I have a friend who works 3 days a week and thanks to all the benefits & maintenance she gets is on an equivalent salary of £30k. Not bad! In fact she'd be even more better off if she rented instead of buying a house but for various reasons she's decided to stay in the old marital home.

Now I don't begrudge her as it's not her fault the system encourages that. Prior to splitting up, both were struggling to make ends meet and now she's financially better off.

The other problem is now she's effectively "trapped" into being a single parent because if she moves in with her BF since he doesn't earn a lot, they'd lose a lot of support and financially she's back to square one of struggling to make ends meet again.

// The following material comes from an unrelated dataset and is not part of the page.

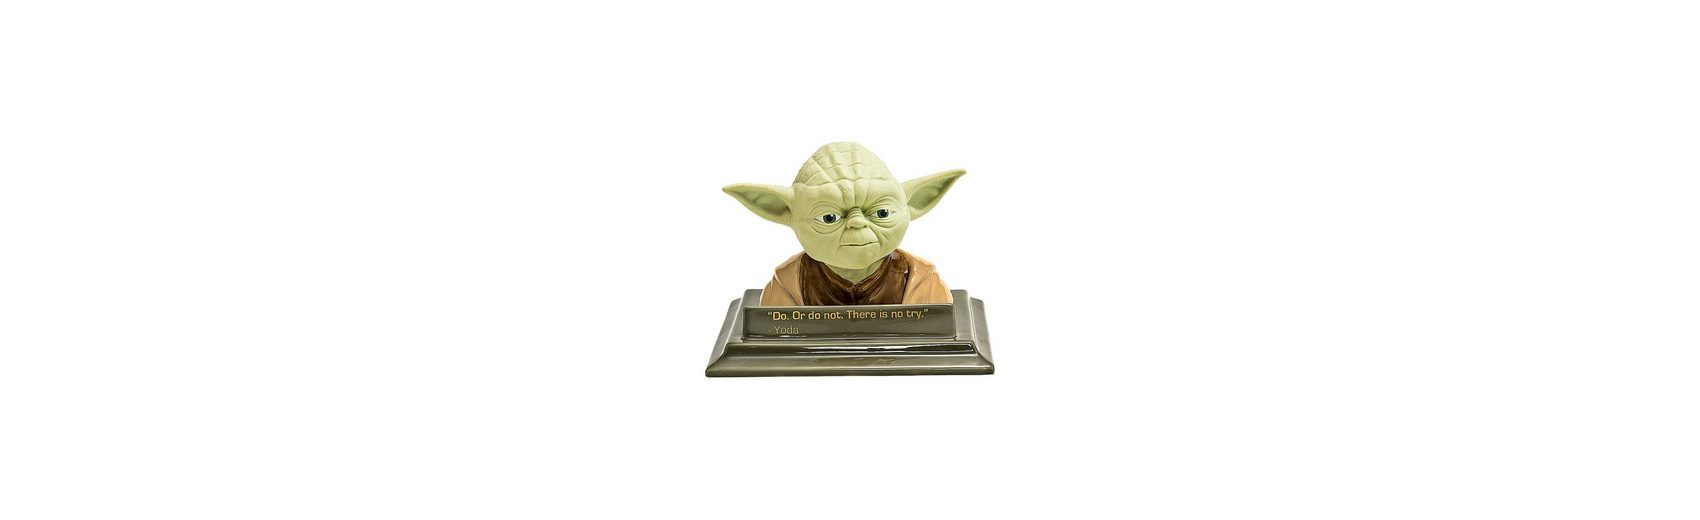 JOY TOY 3D-Büste Spardose Yoda Star Wars, Keramik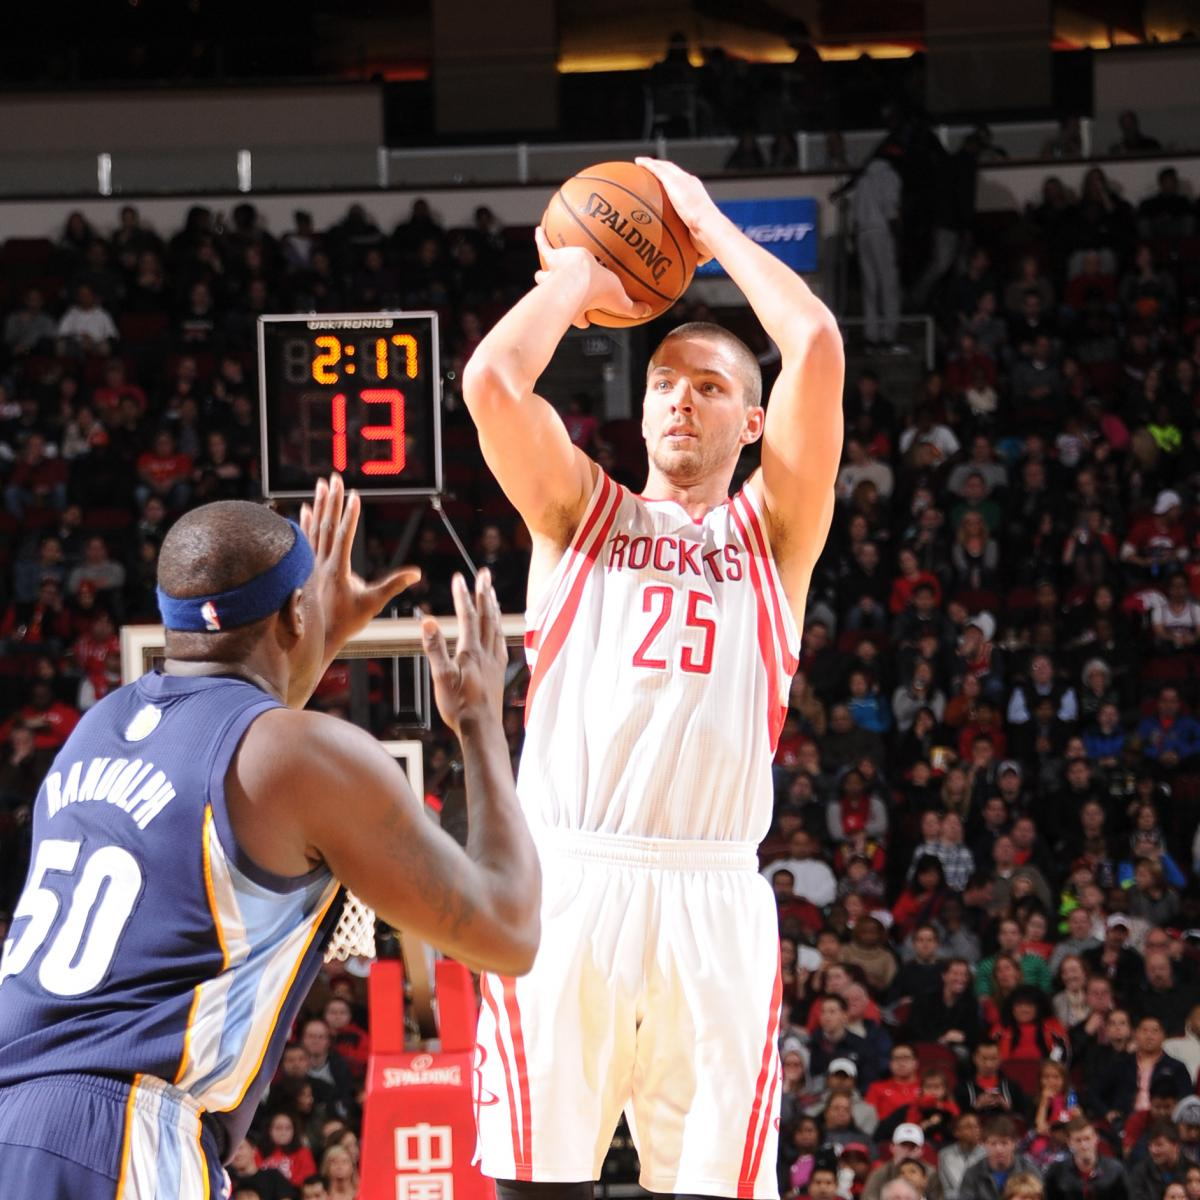 Houston Rockets 3rd Quarter Stats: Chandler Parsons Hits 10 Threes In 1 Half, Sets NBA Record

Hopefully the Universal Credit system will level the playing field. Tax credits are just overly complicated and produces a lot of undesired consequences.

toniguy Wed 24-Aug-11 14:17:20

You are better off long term though. I assume she is in rented so wont have her own home and is at the mercy of landlords. I doubt she's paying into a pension either on 6 quid an hour. Also, anyone dependent on benefits is at the mercy of the system changing/ cutting welfare. Look at what has happened already and what is likely to come over the next few years!

shmoz Wed 24-Aug-11 14:17:40

''We couldn't get WTC because they wanted previous year salary- which was above limit to be entitled'' - yes but if there is a big variance between current and previous year earnings they calculate based on current year earnings.

''no one tells you about how to claim and what you can claim'' - true. Try the internet...plenty of online benefits calculators.